### TASK REQUIREMENTS
Having found the line that holds "An Incredible History: Rolex", give that line and all lines after it again, word for word, through the end of the data below.

----------------

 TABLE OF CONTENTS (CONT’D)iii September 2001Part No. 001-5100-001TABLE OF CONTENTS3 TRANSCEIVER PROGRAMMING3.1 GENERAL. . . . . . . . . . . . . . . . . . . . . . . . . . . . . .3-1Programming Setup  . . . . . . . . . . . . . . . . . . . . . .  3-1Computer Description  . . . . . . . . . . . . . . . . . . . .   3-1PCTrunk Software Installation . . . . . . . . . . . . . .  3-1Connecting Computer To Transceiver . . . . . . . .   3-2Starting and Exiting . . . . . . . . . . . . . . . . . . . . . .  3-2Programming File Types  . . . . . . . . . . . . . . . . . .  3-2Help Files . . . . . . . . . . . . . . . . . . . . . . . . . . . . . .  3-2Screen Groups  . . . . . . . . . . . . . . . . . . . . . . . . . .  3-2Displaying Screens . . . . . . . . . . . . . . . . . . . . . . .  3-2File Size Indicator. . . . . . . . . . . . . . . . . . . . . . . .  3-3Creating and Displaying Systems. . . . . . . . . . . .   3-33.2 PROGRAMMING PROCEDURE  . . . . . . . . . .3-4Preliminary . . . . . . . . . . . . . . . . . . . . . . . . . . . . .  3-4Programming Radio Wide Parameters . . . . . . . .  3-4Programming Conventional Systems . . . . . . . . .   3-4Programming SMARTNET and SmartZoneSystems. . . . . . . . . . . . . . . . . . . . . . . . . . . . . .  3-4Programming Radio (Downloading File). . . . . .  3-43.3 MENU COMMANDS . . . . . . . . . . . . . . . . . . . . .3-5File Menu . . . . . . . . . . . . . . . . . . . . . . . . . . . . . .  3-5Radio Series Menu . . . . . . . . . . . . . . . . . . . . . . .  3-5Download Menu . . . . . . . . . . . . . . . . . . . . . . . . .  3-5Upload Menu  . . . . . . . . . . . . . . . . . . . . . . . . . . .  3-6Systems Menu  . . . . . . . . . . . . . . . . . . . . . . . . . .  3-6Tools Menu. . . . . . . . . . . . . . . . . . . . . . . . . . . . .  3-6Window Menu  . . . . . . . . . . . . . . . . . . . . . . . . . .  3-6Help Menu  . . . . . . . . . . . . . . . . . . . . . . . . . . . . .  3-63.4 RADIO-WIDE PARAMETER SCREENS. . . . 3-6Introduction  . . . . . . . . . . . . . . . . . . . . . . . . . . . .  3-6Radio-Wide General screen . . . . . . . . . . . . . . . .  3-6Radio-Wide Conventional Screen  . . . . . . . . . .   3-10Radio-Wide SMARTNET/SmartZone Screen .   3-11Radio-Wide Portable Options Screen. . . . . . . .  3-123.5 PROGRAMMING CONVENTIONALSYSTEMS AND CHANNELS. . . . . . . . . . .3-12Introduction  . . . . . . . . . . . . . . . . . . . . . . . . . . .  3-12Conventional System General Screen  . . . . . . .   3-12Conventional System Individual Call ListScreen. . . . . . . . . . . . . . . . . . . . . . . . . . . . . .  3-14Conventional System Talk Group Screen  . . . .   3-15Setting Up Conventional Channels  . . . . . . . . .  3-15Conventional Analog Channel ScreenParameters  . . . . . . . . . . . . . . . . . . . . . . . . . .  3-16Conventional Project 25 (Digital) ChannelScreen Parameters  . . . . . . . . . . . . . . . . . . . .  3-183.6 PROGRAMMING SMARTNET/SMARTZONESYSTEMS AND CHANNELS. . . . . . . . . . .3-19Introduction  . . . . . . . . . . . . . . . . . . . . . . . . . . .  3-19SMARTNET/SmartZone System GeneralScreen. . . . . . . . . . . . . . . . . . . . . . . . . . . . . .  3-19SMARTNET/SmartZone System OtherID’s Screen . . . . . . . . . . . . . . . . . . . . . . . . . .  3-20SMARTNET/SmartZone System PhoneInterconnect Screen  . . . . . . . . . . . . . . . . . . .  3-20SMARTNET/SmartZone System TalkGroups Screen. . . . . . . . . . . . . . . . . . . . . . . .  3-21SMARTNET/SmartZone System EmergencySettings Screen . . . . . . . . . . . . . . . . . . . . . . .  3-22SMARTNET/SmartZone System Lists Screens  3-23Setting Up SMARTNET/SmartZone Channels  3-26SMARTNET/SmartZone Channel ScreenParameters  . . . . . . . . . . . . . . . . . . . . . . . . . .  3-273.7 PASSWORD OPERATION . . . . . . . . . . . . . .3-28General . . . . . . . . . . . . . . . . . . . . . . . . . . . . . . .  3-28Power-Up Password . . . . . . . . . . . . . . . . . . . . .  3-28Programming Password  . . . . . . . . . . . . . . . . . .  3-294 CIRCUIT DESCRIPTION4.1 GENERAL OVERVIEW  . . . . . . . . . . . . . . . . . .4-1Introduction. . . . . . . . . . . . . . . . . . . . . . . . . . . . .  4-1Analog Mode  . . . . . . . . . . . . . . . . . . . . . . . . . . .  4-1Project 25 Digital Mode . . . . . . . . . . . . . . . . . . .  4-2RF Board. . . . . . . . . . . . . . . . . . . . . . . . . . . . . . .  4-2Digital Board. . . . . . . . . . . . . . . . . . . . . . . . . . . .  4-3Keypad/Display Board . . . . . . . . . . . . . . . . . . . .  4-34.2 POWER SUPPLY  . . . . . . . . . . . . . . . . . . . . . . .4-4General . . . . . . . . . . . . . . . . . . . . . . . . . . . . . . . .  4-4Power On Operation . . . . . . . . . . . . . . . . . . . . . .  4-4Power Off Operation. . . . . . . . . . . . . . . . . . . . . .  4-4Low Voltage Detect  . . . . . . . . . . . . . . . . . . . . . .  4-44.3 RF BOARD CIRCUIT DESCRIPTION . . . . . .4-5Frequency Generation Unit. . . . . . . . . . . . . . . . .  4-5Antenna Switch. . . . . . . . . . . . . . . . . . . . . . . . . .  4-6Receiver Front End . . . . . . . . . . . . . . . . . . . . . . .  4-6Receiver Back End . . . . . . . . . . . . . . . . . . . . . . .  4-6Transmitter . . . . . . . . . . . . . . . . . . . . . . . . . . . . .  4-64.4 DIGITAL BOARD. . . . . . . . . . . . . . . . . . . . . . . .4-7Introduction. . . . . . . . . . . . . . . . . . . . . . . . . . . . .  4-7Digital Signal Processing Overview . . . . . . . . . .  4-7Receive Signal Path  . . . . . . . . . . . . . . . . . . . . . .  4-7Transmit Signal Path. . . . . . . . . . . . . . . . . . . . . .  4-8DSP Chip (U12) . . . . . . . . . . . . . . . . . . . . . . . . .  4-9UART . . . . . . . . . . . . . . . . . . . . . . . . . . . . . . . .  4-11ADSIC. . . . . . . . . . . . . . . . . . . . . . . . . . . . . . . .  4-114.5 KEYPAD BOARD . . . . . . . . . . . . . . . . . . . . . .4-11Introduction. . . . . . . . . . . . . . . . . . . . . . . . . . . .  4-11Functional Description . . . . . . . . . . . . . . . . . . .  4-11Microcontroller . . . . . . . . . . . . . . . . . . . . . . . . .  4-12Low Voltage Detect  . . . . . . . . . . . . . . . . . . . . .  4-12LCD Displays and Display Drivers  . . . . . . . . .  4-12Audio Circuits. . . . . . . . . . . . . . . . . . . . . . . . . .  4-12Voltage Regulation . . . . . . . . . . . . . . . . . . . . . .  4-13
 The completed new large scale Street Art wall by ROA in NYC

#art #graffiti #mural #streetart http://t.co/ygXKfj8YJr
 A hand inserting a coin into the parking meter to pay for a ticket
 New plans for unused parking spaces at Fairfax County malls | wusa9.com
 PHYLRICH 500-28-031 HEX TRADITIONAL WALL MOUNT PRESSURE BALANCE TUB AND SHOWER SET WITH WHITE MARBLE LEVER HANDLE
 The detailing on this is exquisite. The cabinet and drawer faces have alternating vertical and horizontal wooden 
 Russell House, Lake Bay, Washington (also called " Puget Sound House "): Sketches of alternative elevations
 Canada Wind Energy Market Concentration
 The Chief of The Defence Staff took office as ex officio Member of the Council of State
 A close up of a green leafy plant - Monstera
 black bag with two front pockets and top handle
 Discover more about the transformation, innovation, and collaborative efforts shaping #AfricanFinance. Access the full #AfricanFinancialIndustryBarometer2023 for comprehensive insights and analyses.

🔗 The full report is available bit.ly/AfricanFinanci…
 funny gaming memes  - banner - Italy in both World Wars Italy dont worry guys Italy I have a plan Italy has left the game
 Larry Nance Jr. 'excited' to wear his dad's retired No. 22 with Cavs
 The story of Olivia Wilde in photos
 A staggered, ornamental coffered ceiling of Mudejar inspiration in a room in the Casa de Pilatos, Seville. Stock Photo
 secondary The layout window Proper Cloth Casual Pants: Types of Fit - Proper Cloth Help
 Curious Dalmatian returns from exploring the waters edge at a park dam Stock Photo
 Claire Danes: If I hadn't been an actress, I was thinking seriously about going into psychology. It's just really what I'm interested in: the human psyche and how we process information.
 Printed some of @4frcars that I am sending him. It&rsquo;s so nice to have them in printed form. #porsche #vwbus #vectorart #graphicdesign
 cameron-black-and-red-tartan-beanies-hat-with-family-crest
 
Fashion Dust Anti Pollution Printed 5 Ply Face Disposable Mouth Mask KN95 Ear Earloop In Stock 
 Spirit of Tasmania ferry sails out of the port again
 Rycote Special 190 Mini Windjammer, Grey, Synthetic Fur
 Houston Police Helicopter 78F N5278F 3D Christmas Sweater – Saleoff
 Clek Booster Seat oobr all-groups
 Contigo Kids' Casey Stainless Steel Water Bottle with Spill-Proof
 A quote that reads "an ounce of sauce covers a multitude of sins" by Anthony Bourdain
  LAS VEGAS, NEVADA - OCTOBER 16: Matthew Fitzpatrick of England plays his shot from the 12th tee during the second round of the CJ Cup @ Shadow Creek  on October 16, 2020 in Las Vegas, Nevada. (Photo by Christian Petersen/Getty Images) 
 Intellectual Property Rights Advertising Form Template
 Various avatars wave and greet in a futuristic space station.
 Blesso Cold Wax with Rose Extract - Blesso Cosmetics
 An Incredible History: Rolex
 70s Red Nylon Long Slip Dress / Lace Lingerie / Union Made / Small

----------------

### EXERCISE ANSWER
 An Incredible History: Rolex
 70s Red Nylon Long Slip Dress / Lace Lingerie / Union Made / Small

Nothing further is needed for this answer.